What to do: Will you output all of the data below exactly, omitting the images?
━━━ Information shown ━━━
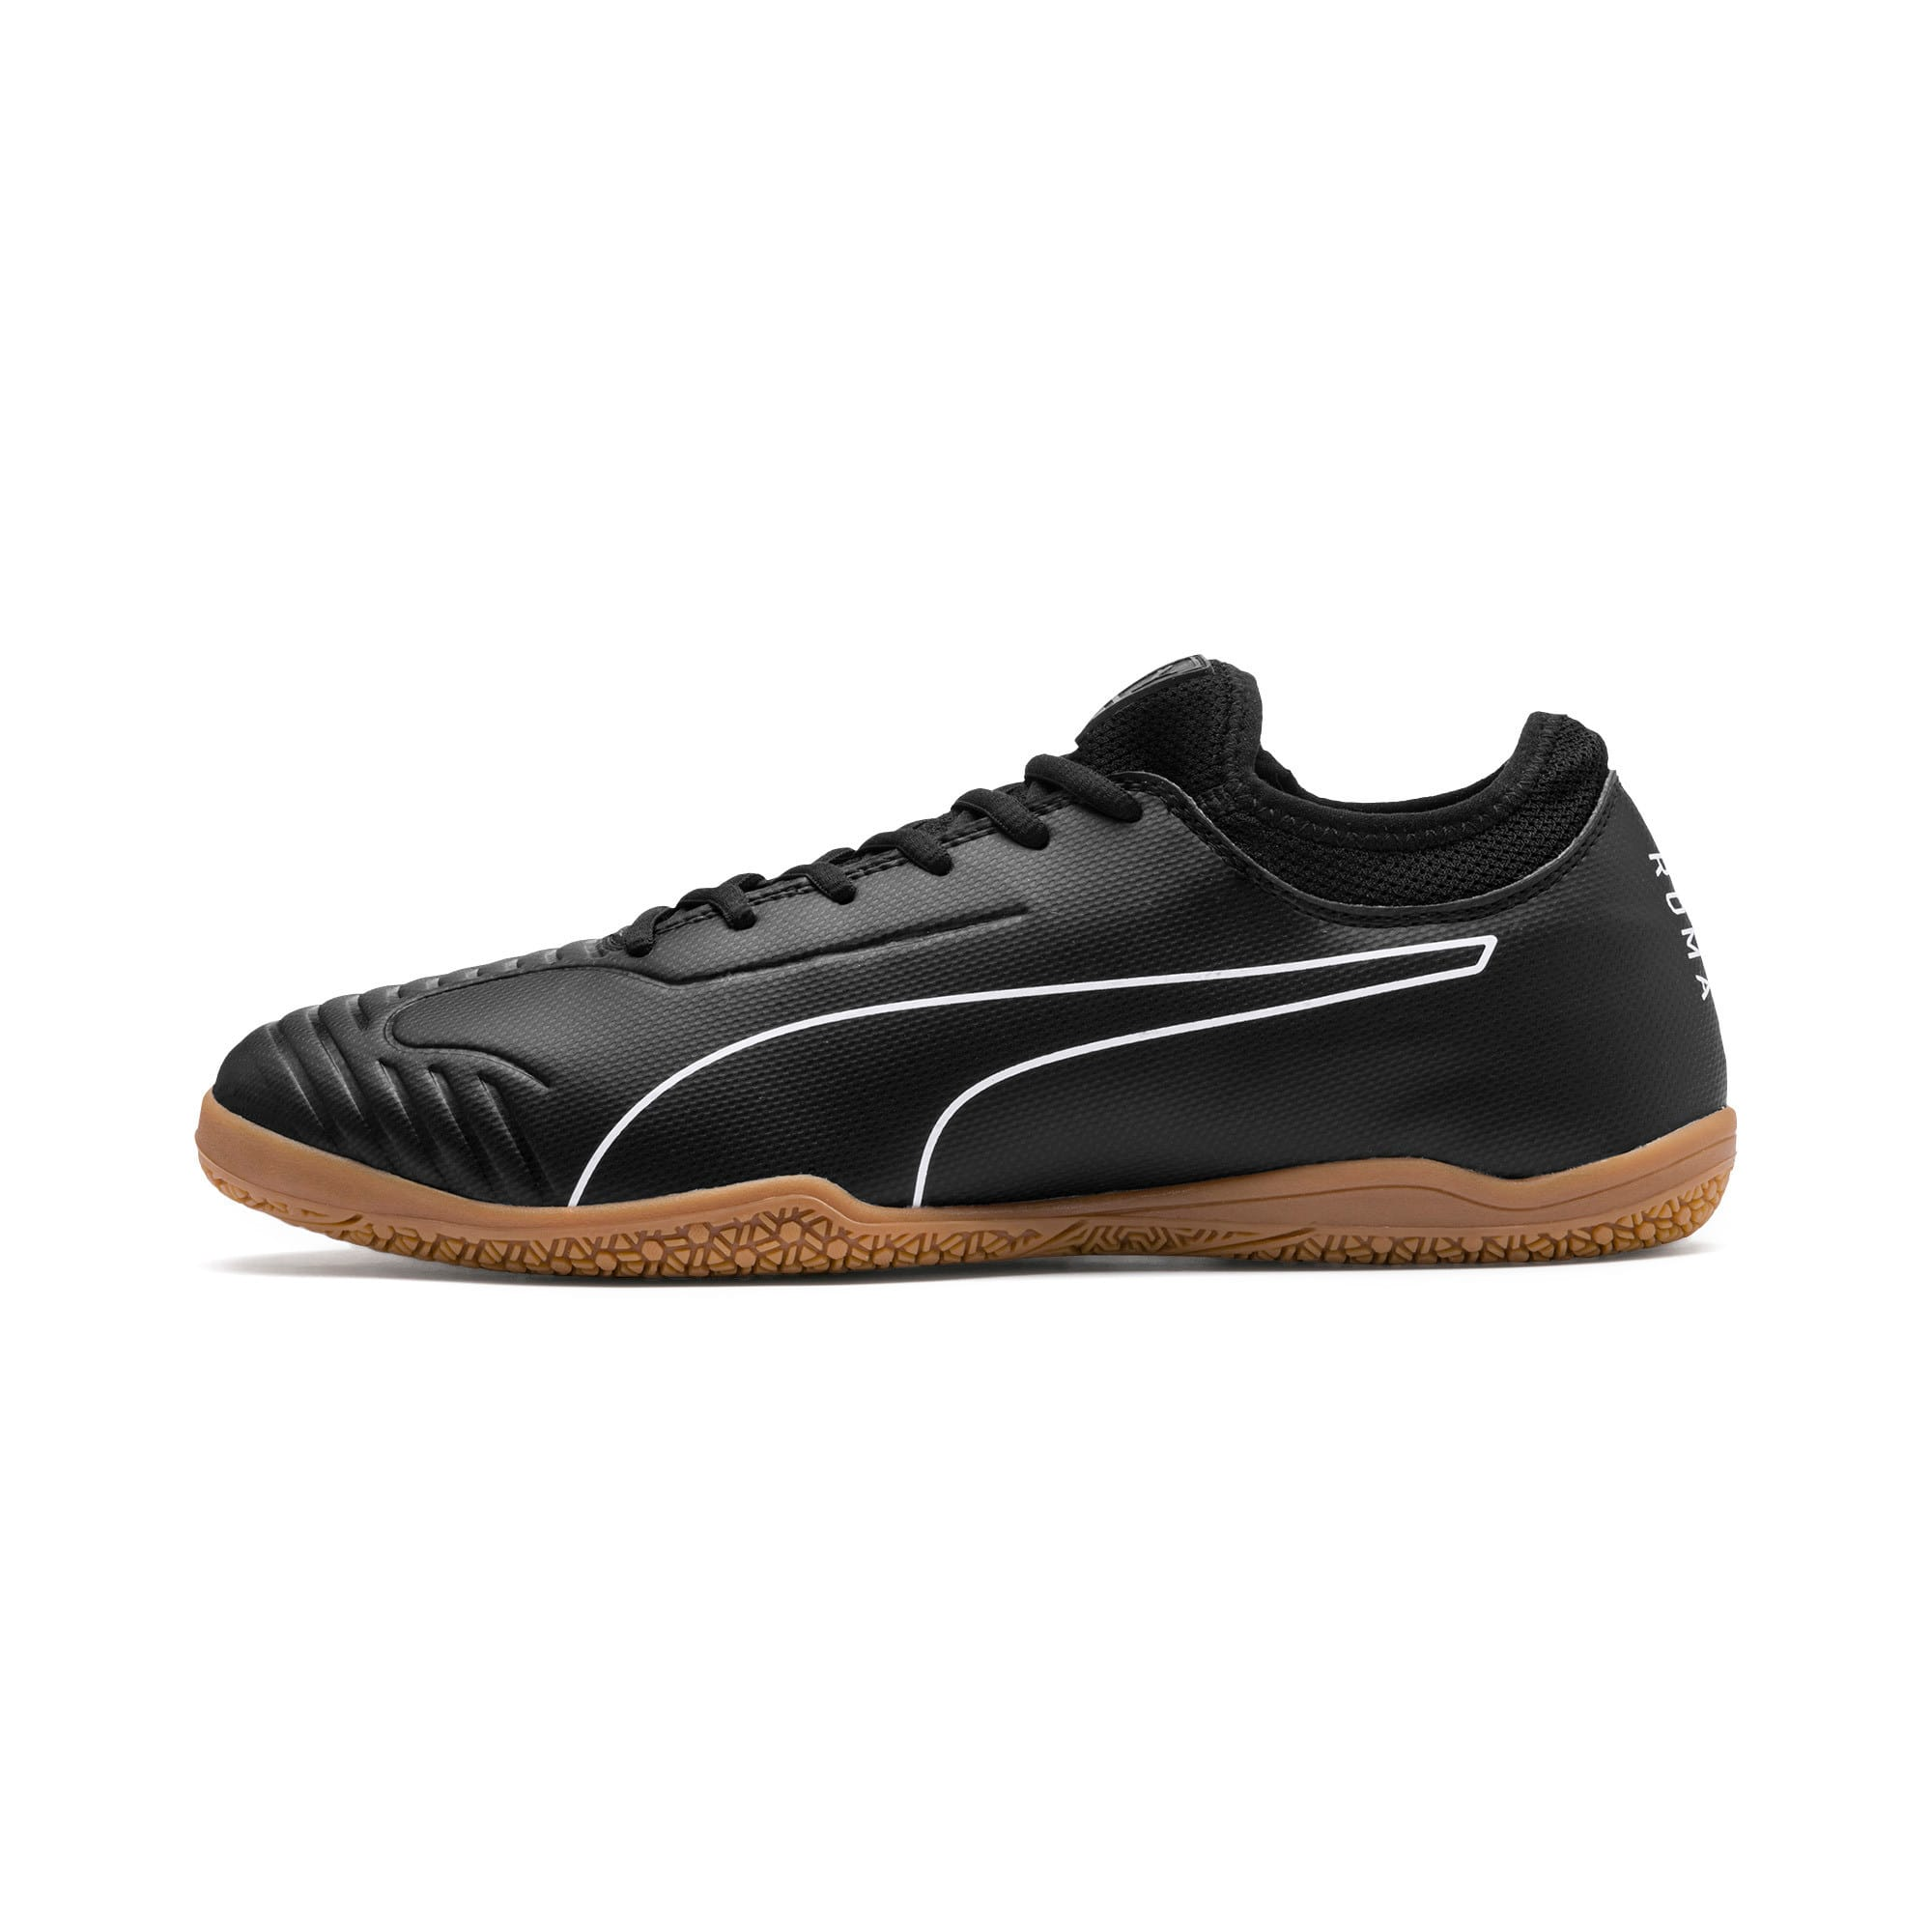 Thumbnail 1 of 365 Sala 2 Men's Football Boots, Puma Black-Puma White-Gum, medium
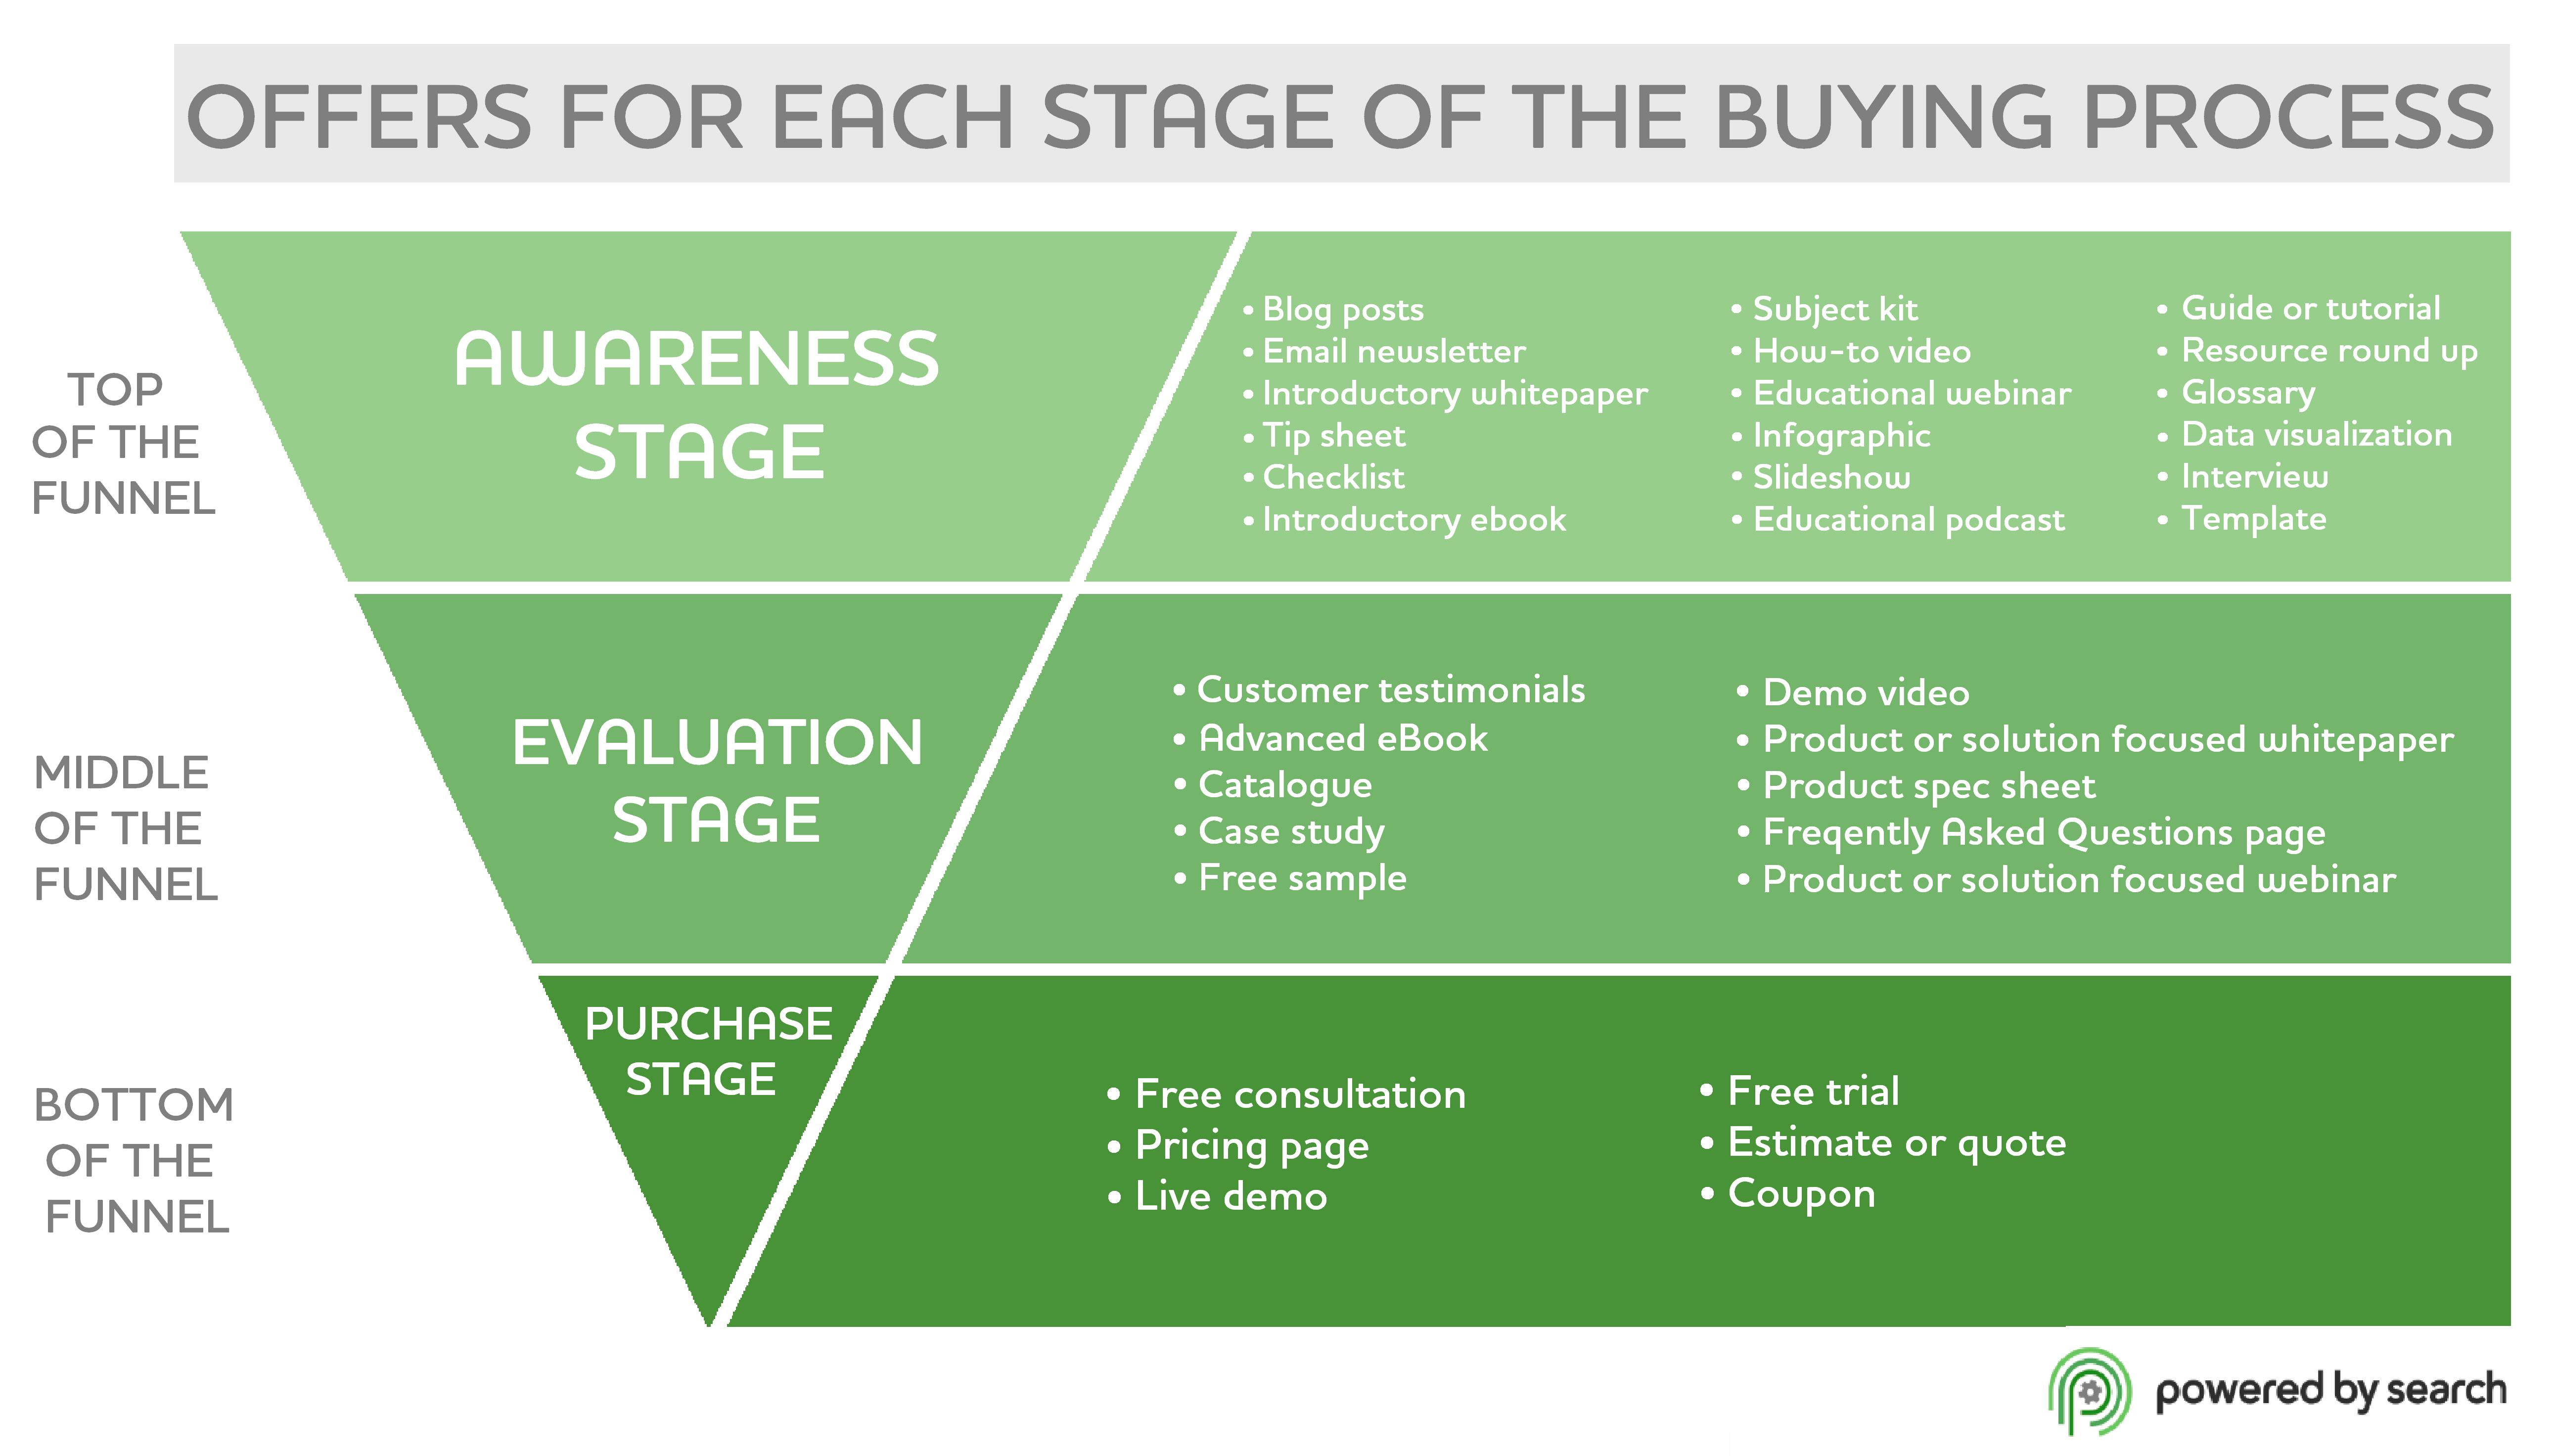 Stadia van aankoop proces
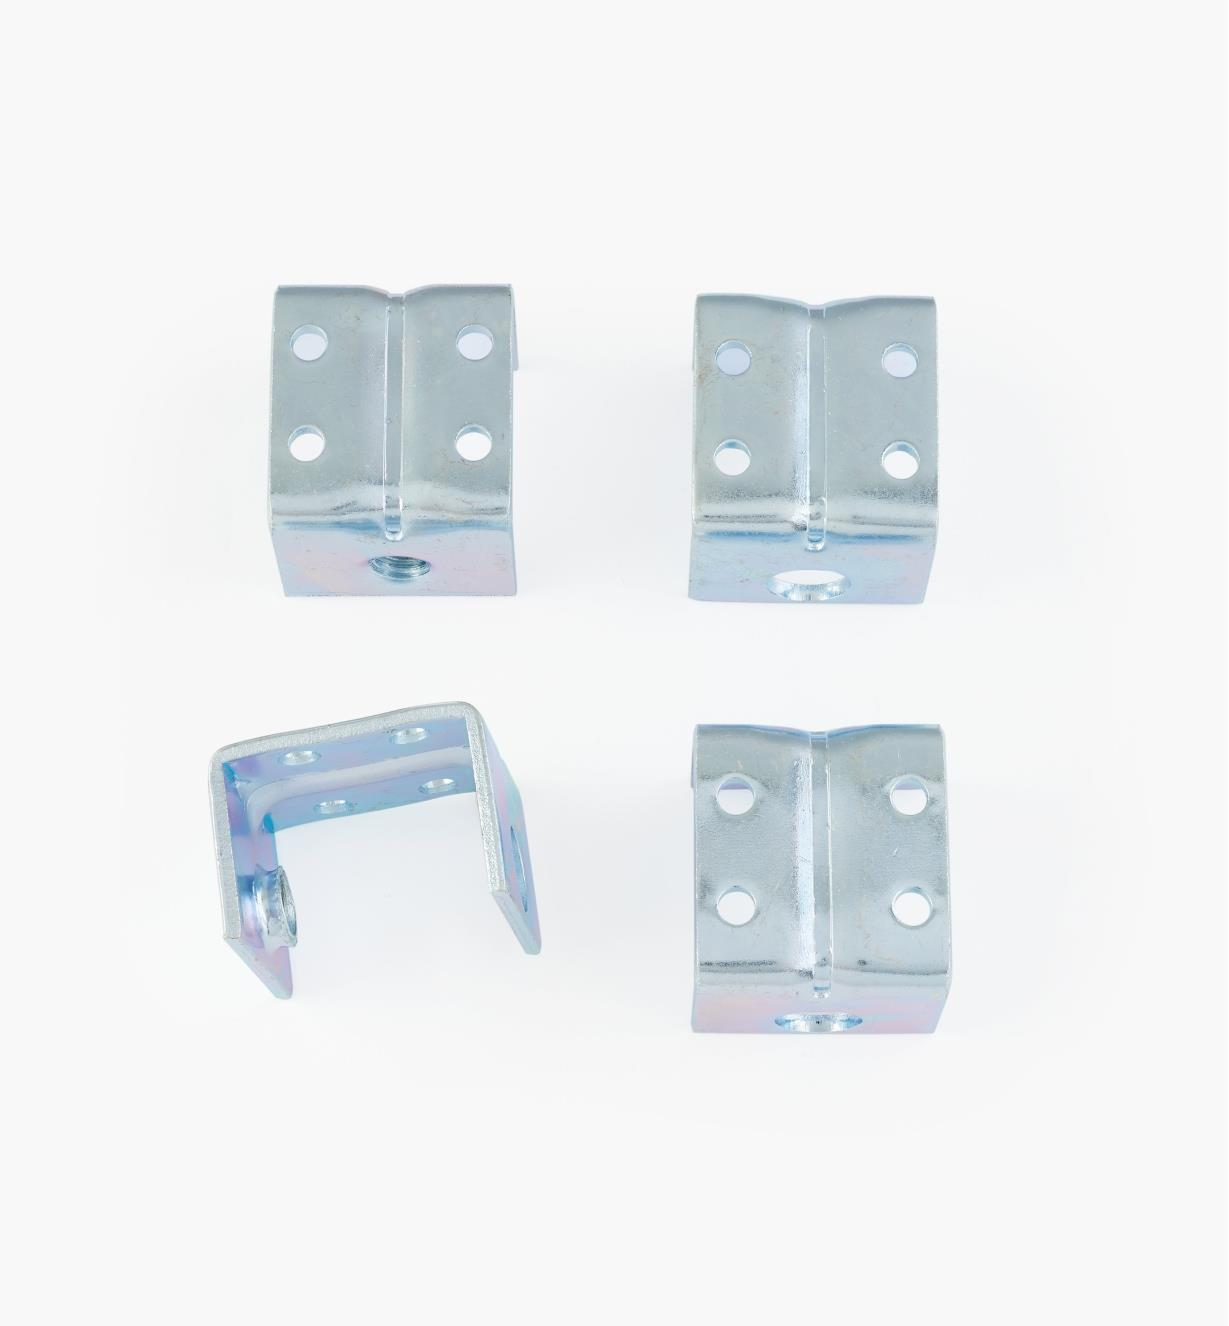 01S0405 - Panel Brackets, pkg. of 4
━━━
Your solution:
 Thumbnail 1 of 365 Sala 2 Men's Football Boots, Puma Black-Puma White-Gum, medium
 Stadia van aankoop proces
 01S0405 - Panel Brackets, pkg. of 4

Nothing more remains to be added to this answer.